I've not seen this recur for any one table, so I think we can rule out
corruption modes that would reach the loop every time. (If a hypothesized
loop explanation calls for both corruption and horizon movement, that could
still apply.)
> > One occurrence had these facts:
> >
> > HeapTupleHeaderGetXmin = 95271613
> > HeapTupleHeaderGetUpdateXid = 95280147
> > vacrel->OldestXmin = 95317451
> > vacrel->vistest->definitely_needed = 95318928
> > vacrel->vistest->maybe_needed = 93624425
> >
> > How compatible are those with the corruption vectors you have in view?
>
> Do you have more information about the page this was on? E.g. pageinspect
> output? Or at least the infomasks of that tuple?
No, unfortunately.
> I assume this was a normal
> data table (i.e. not a [shared|user] catalog table or temp table)?
Normal data table
> Do you know what ComputeXidHorizonsResultLastXmin, RecentXmin were set to?
No.
> > I tried briefly to understand
> > https://postgr.es/m/flat/20240415173913.4zyyrwaftujxthf2@awork3.anarazel.de
> > but I felt verifying its argument was going to be a big job for me. Would
> > those errors happen transiently, like the infinite loop, or would they
> > persist until something resets the tuple fields (e.g.
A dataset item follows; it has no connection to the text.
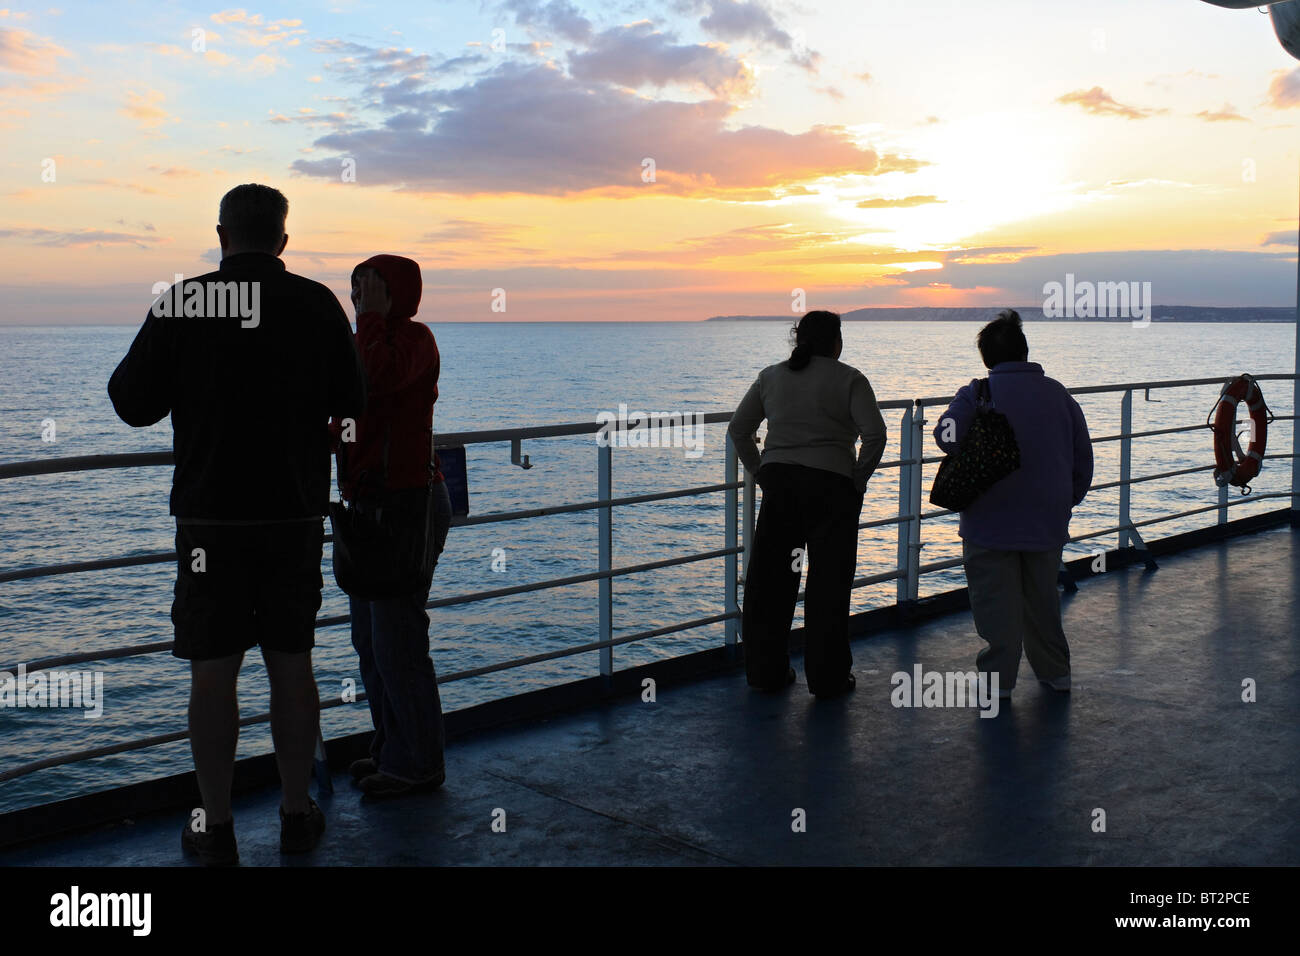 Sunset on board Sea France ferry coming into port of Dover after crossing the English Channel from Calais. Stock Photo

ATRewriteTables())?
>
> I think they'd be transient, because the visibility information during the
> next vacuum would presumably not be "skewed" anymore?
That is good.
> Of course it's possible
> you'd re-encounter the problem, if you constantly have horizons going back and
> forth. But I'd still classify that as transient.
Certainly.